Abstract

This paper analyzes Bithia Mary Croker’s ghost stories of the British Raj to argue that Croker in her texts reframes the eighteenth-century Orientalist Gothic writing tradition to critique British imperial presence in India. I specifically discuss two of Croker’s short stories, namely “To Let” (1893) and “If You See Her Face” (1893) published in her anthology of Indian ghost fiction To Let(1893) .The paper traces how Croker uses two distinct characteristics of eighteenth-century colonial Indian society–-the tradition of nautch performances and the architectural space of the dak bungalows–-which continued into early-nineteenth century British India under the vigilance of the Empire to simultaneously attack the imperial consciousness and dislocate the imperial heartland from within the colony.
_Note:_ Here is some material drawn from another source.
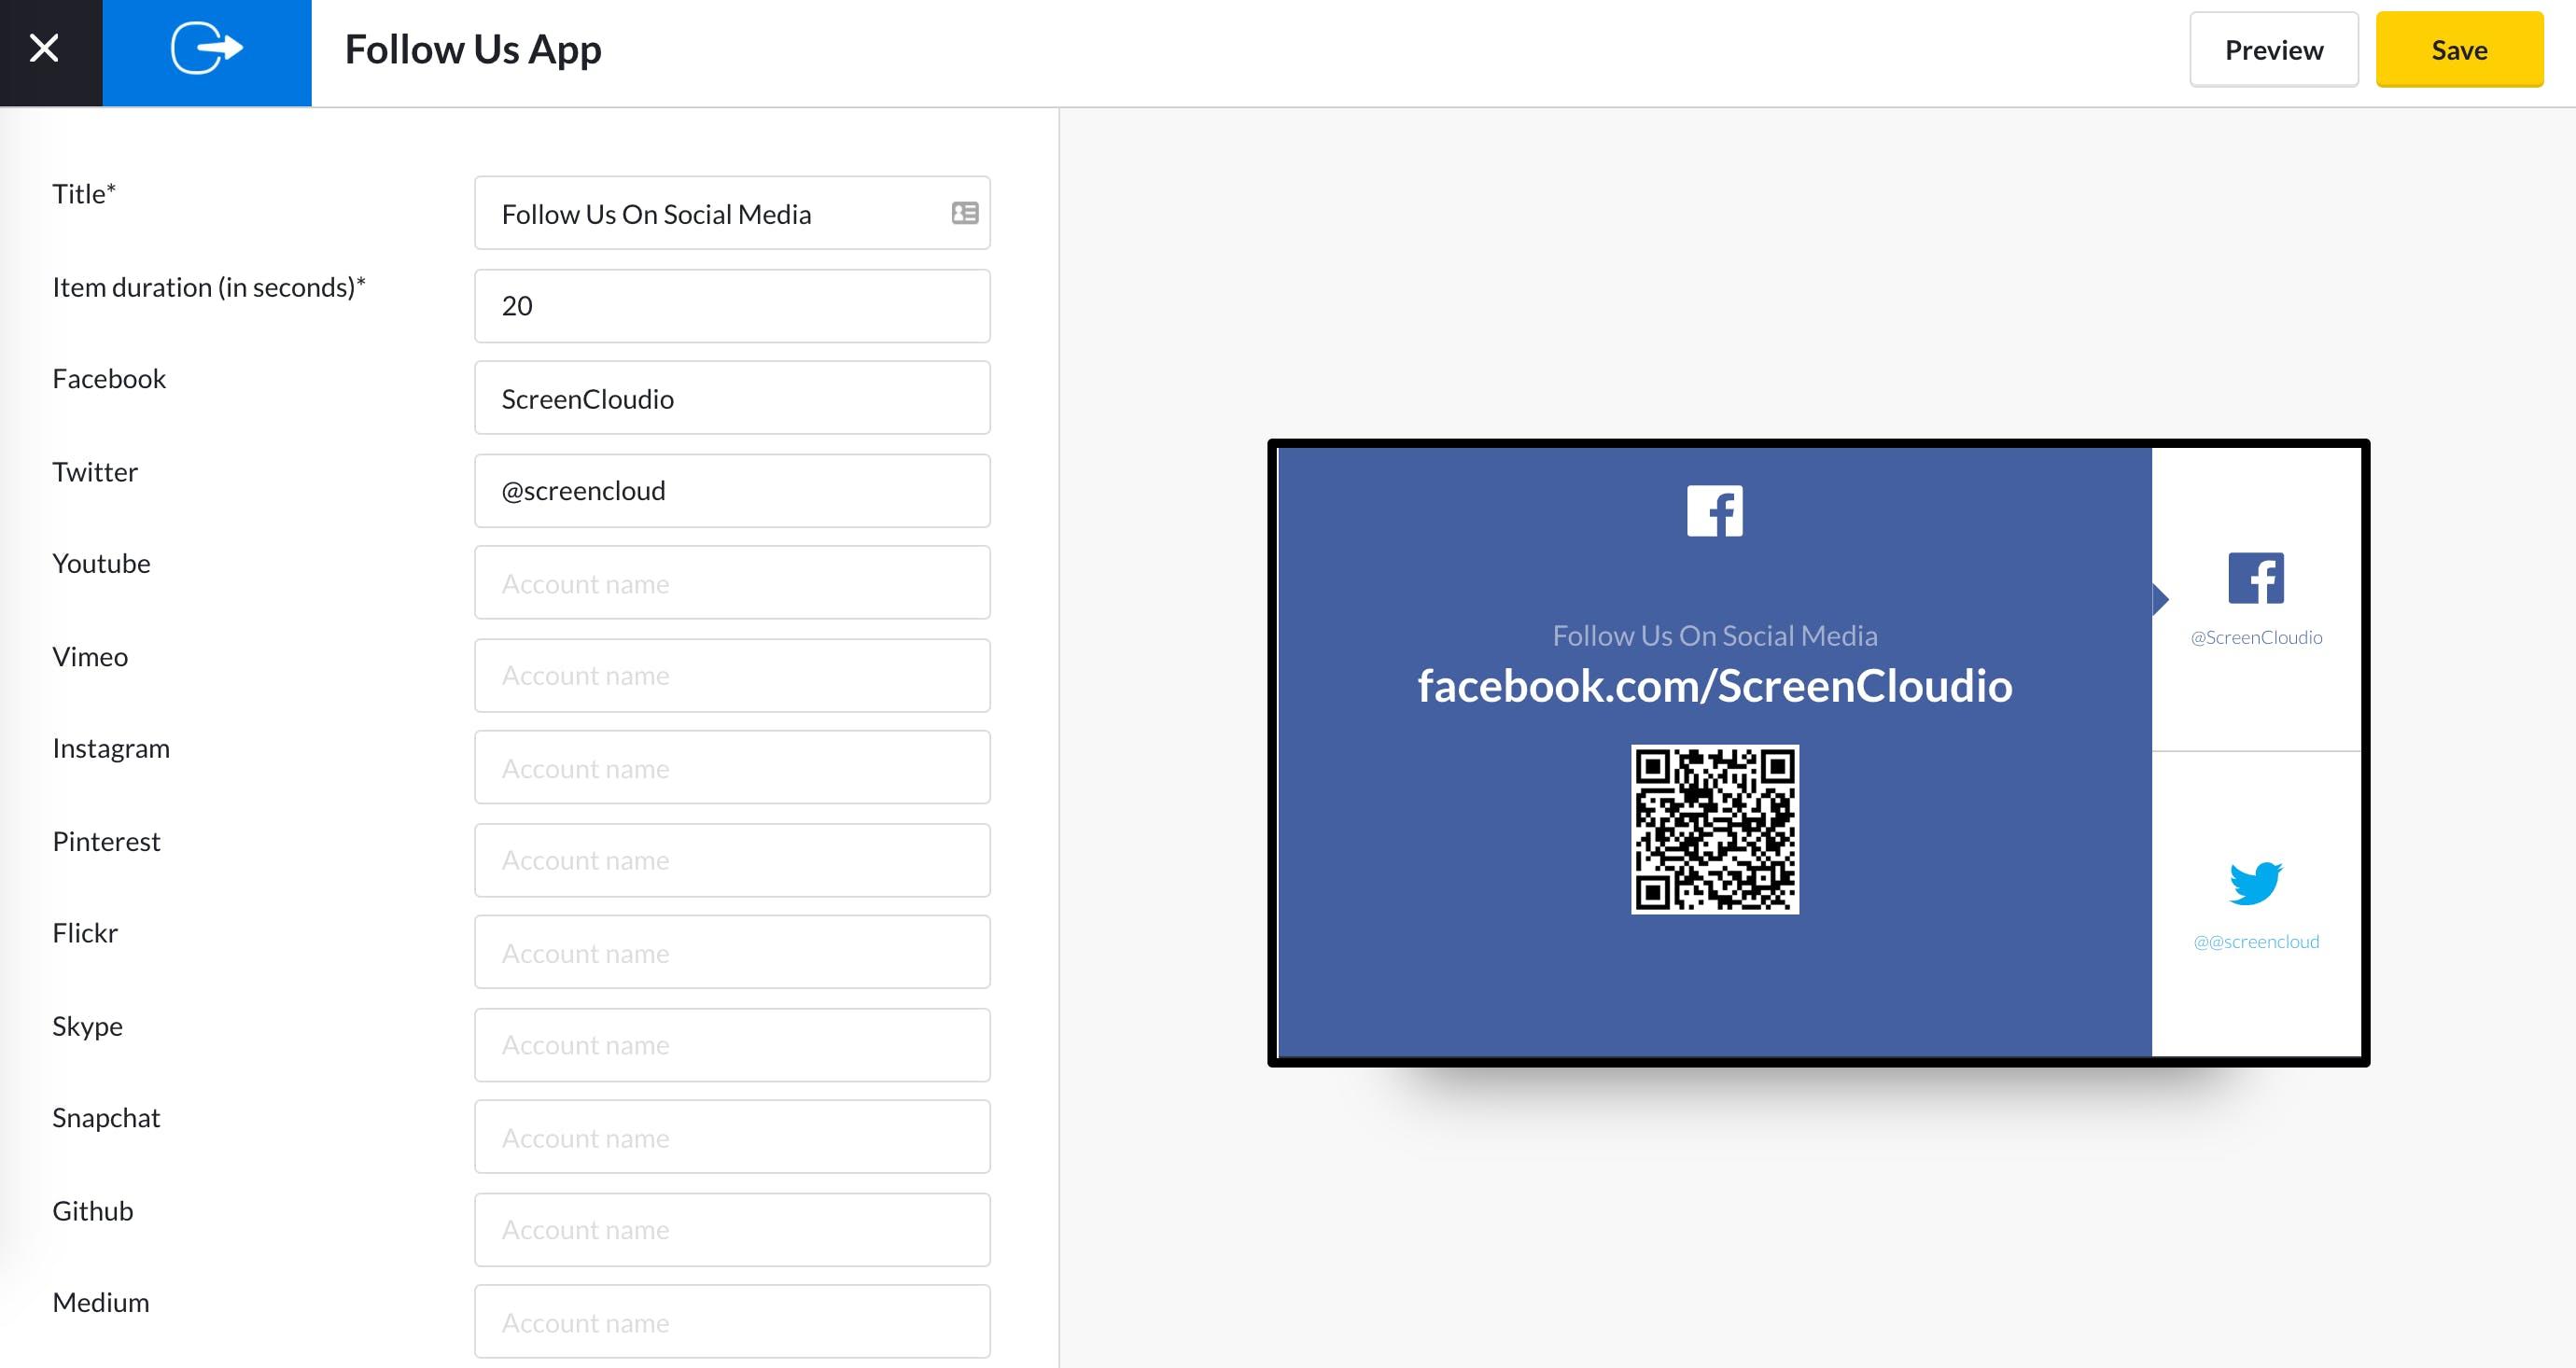 Follow Us App Guide - Enter socials 5.13.2020.png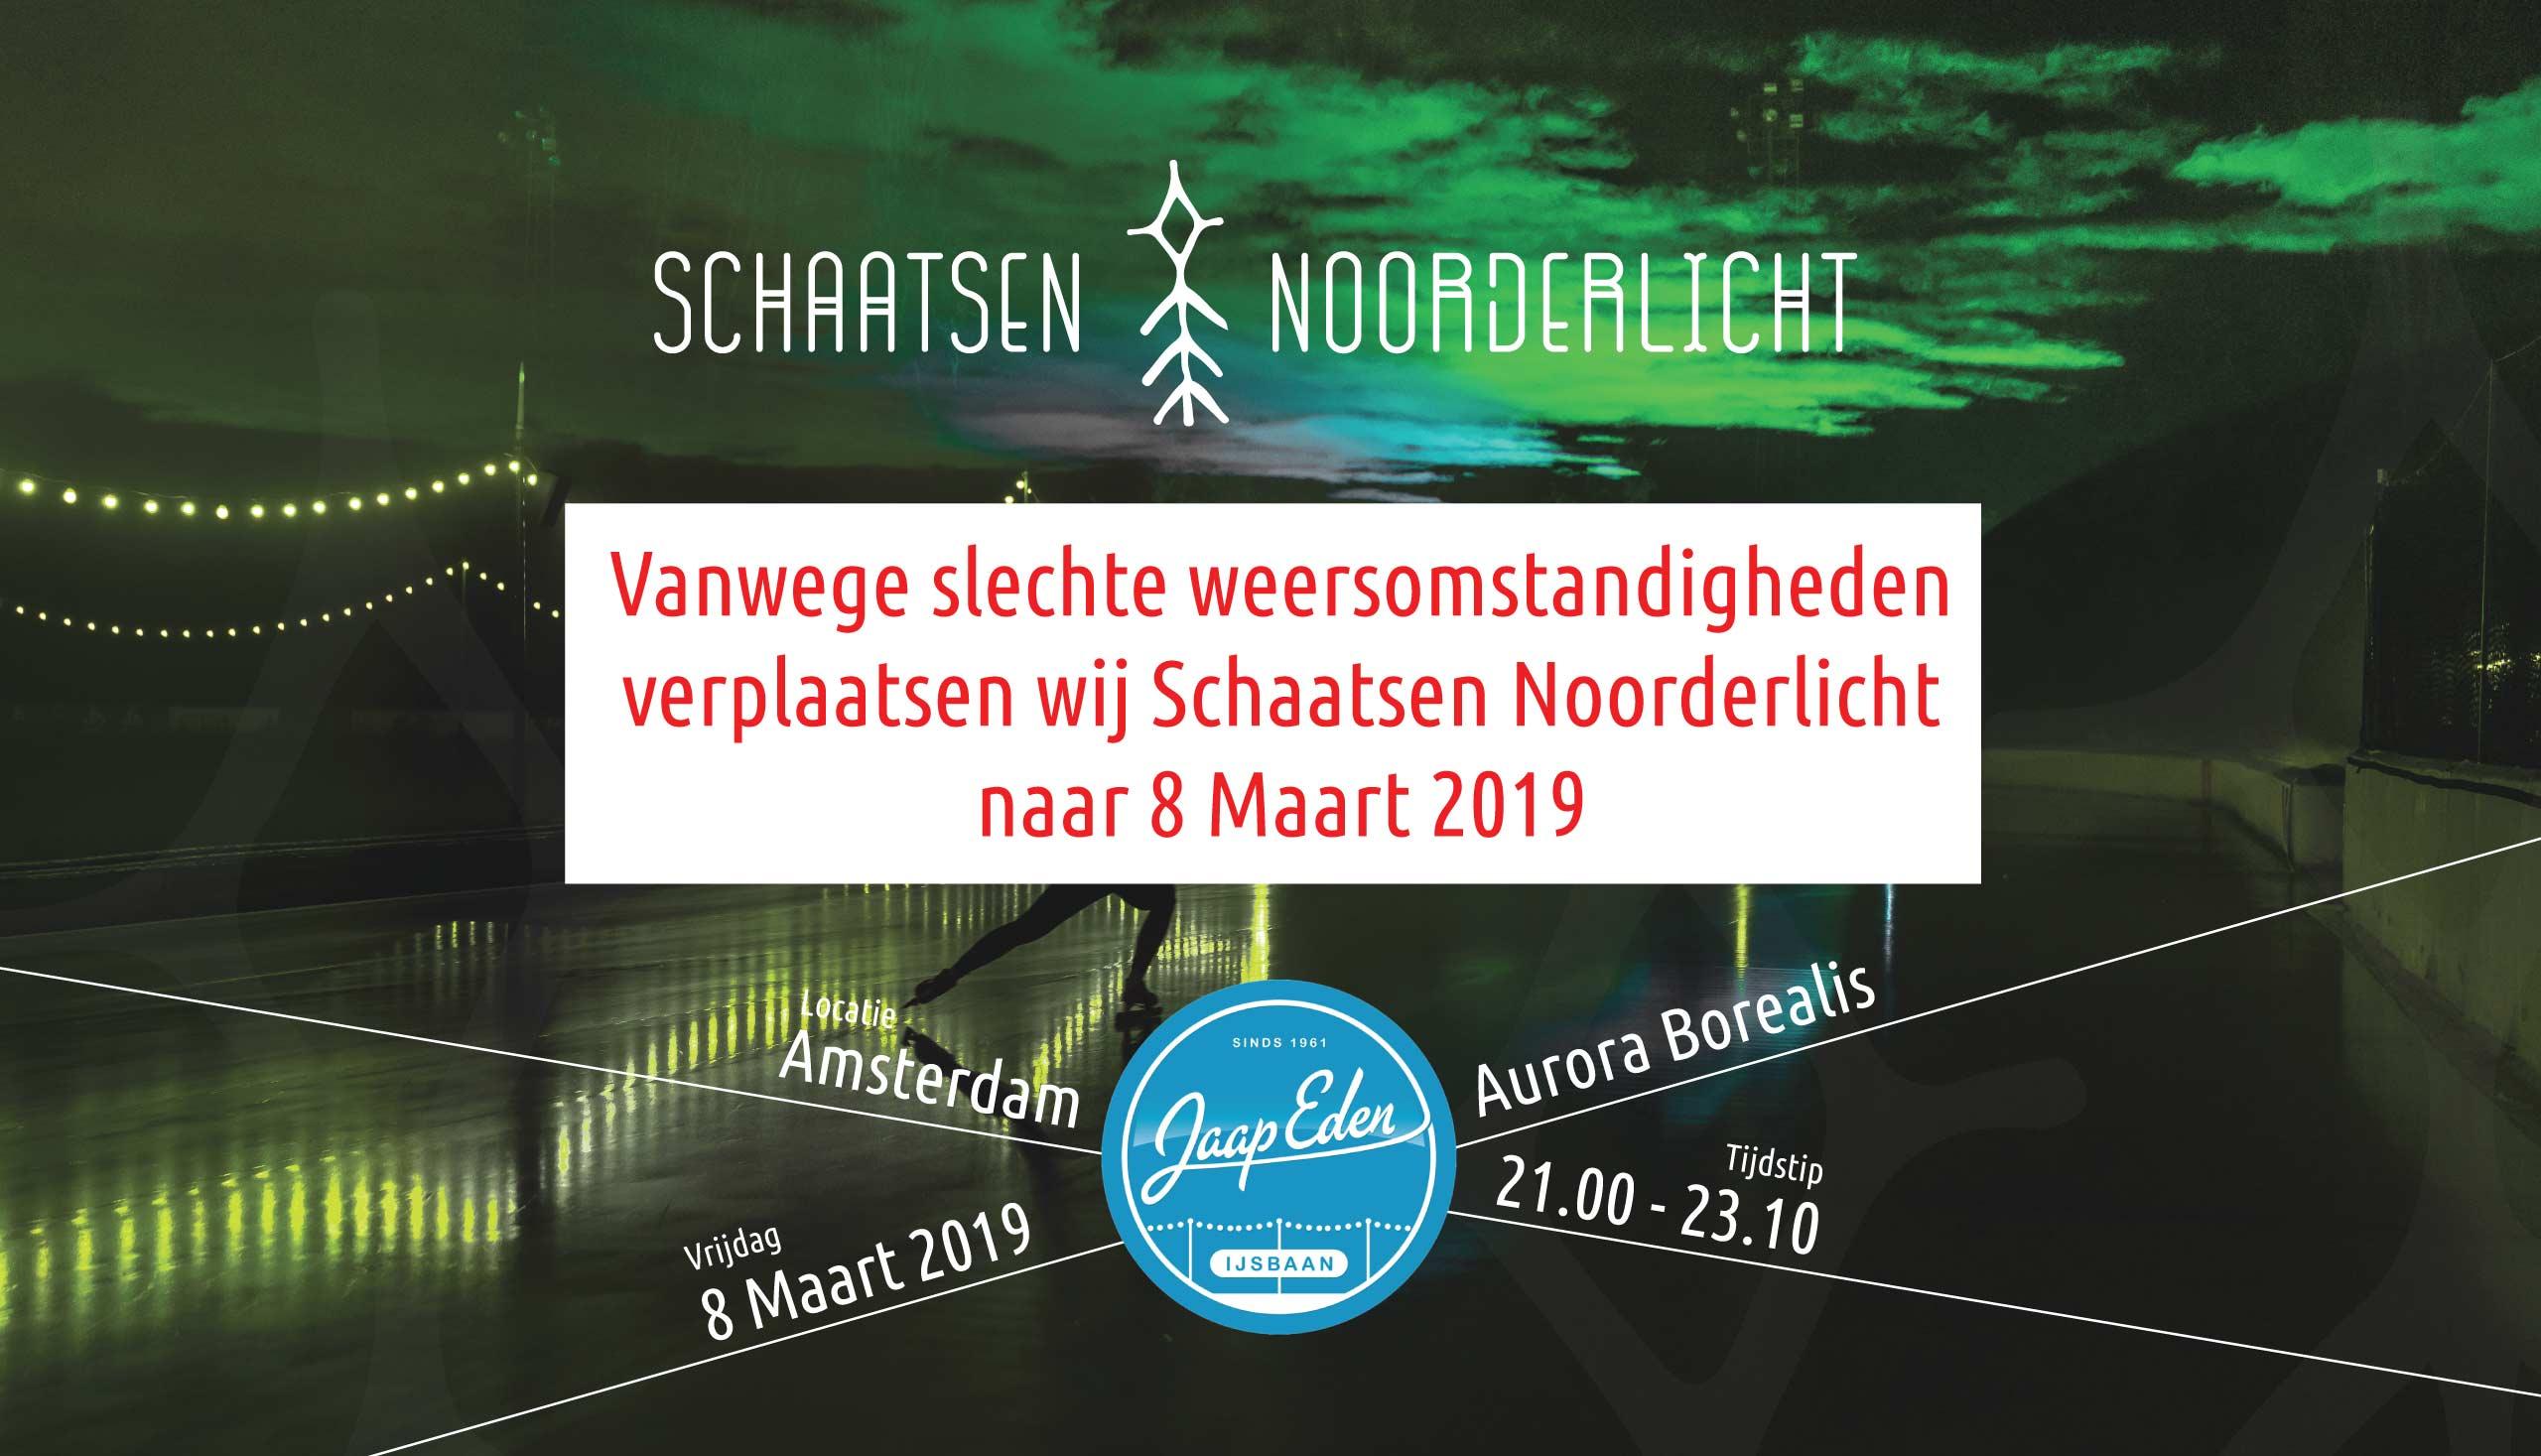 Schaatsen-Noorderlicht-verplaatsen-8-maart-2019

In my critique of the two stories, I take a transhistorical approach wherein my analysis starts with and builds upon the eighteenth century and moves into the late nineteenth century. The paper traces how Croker uses two distinct characteristics of eighteenth-century colonial Indian society–-the tradition of nautch performances and the architectural space of the dak bungalows–-which continued into early-nineteenth century India under the vigilance of the British empire to simultaneously attack the imperial consciousness and dislocate the imperial heartland from within the colony. The short stories build upon and expand the eighteenth-century gothic tradition that threads together the internal and the external, in this case the “others” of the British empire. They use Orientalist gothic elements to reflect the growing contentions in the Indian city of Lucknow against British imperial forces that also compromises the apparently safe and secure domestic space of the colonial dak bungalows. In doing so, Croker uses the figures of racial and gendered others to subvert the politico-cultural hierarchies of race, class, and gender.